# Work item
Under this line are records; the part from the line containing "bedroom furniture design" through the line containing "mô hình evening star 2" should be repeated exactly. Please exclude pictures.

-- Raw data follows --

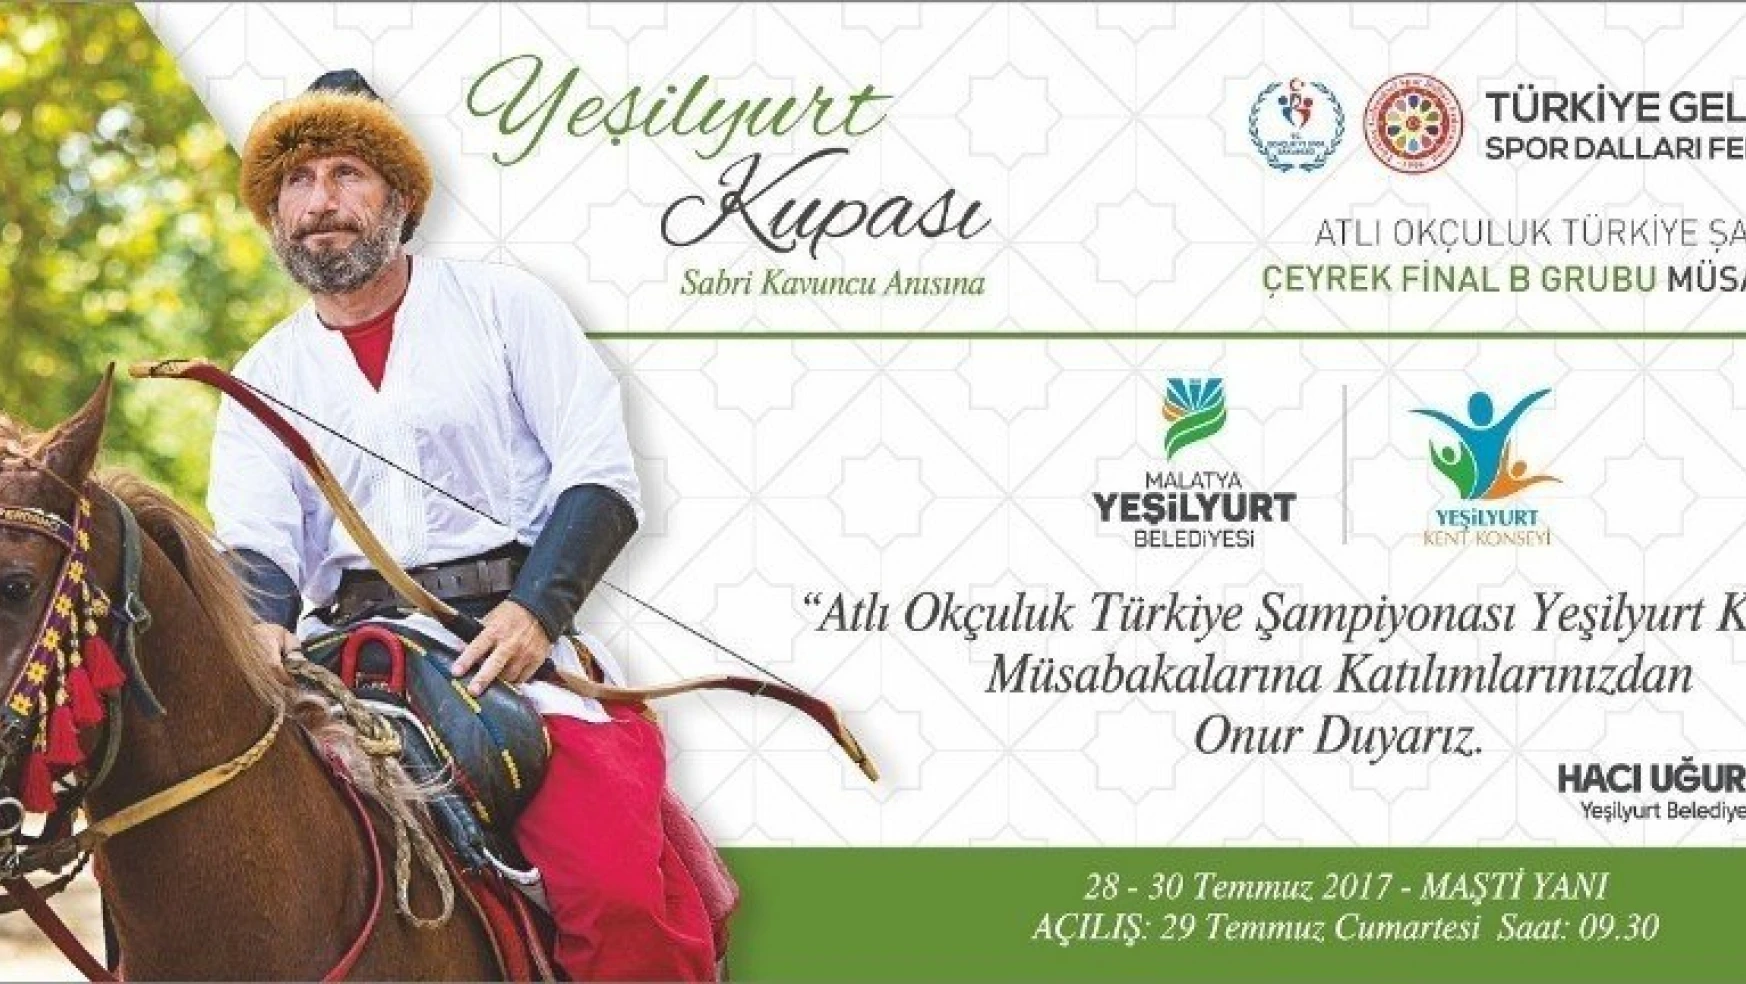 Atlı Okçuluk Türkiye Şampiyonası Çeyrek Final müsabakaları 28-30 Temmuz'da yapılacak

-- Raw data concluded --
-- Raw data follows --

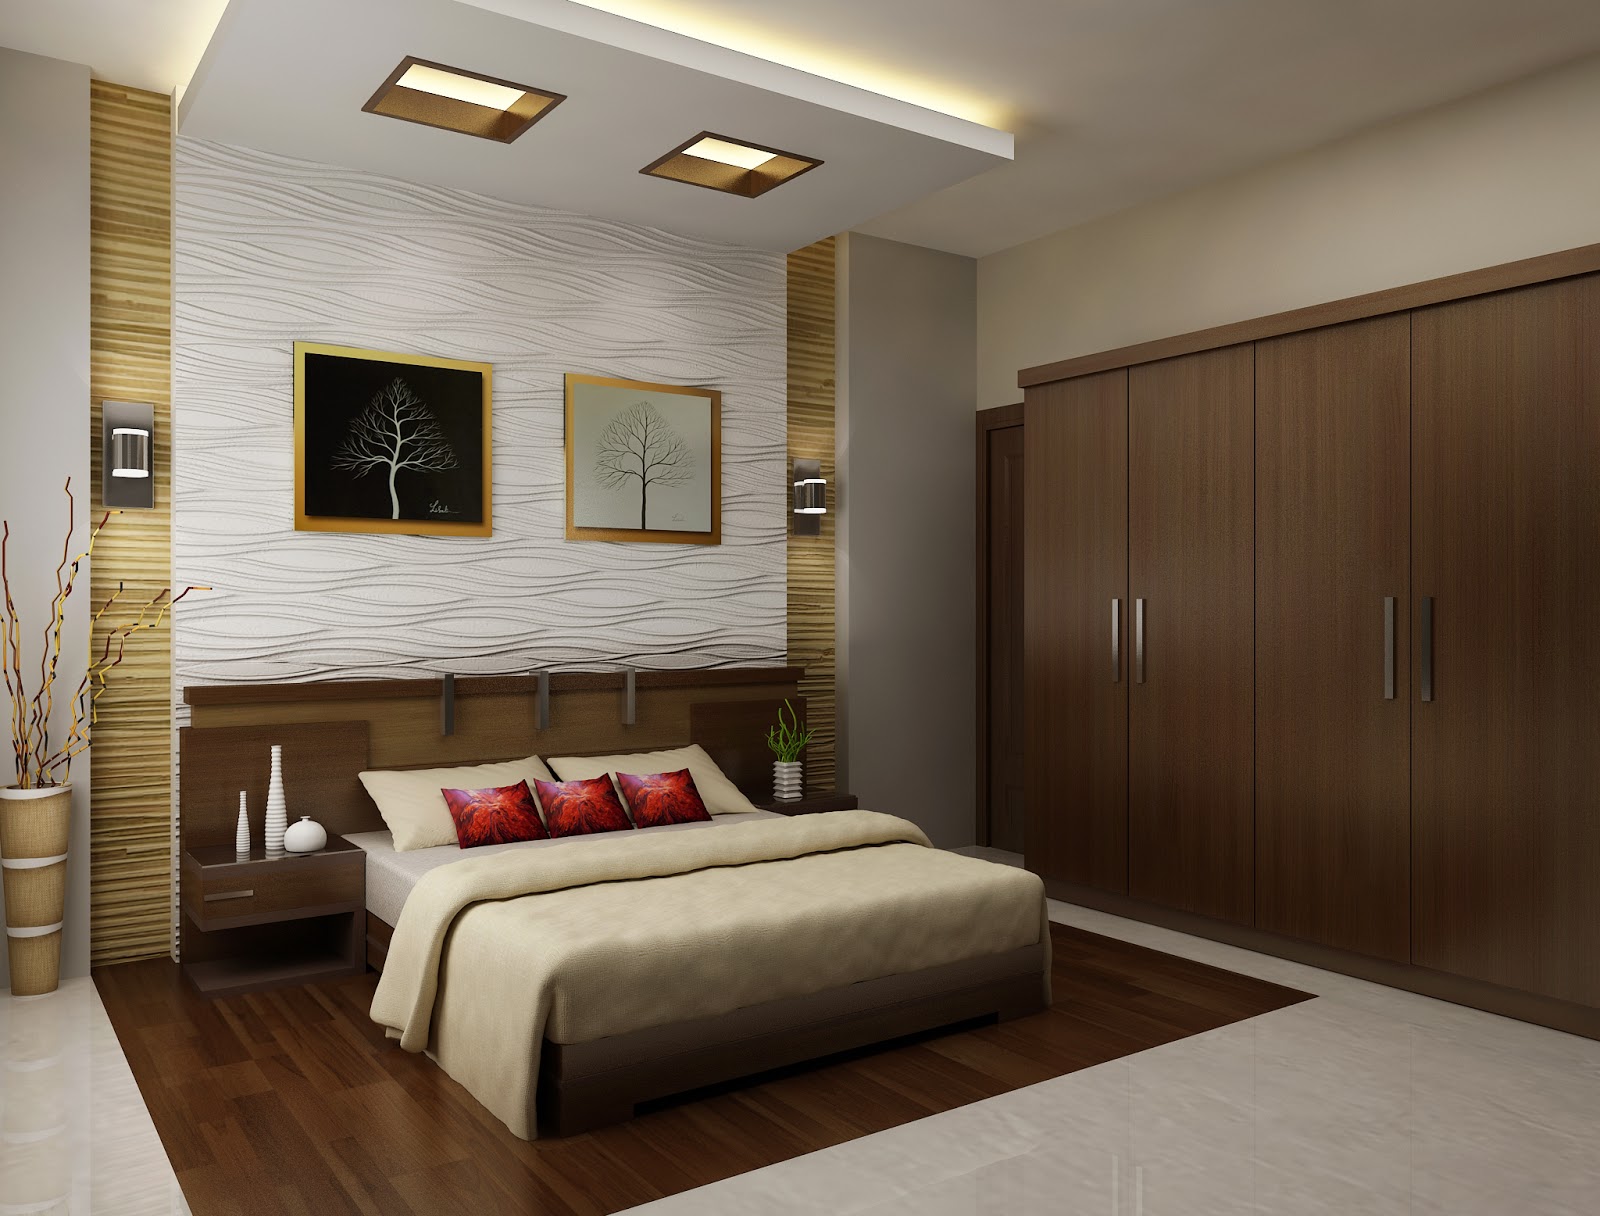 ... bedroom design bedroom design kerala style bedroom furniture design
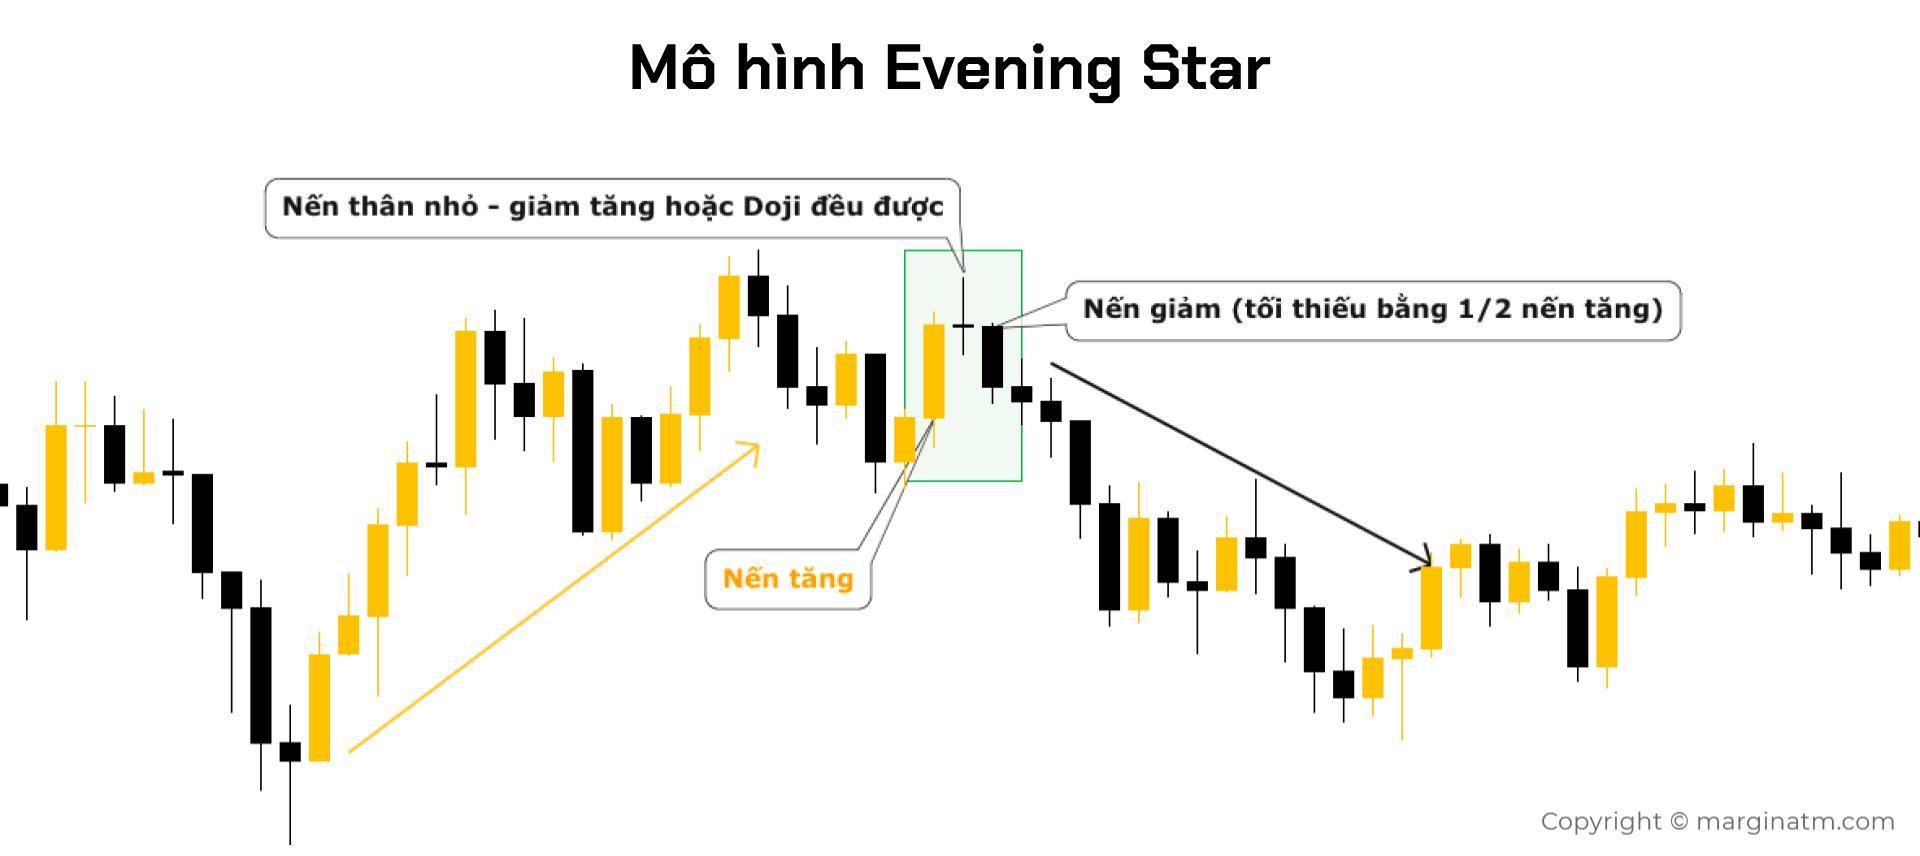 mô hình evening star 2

-- Raw data concluded --

# Result of this task
 ... bedroom design bedroom design kerala style bedroom furniture design
 mô hình evening star 2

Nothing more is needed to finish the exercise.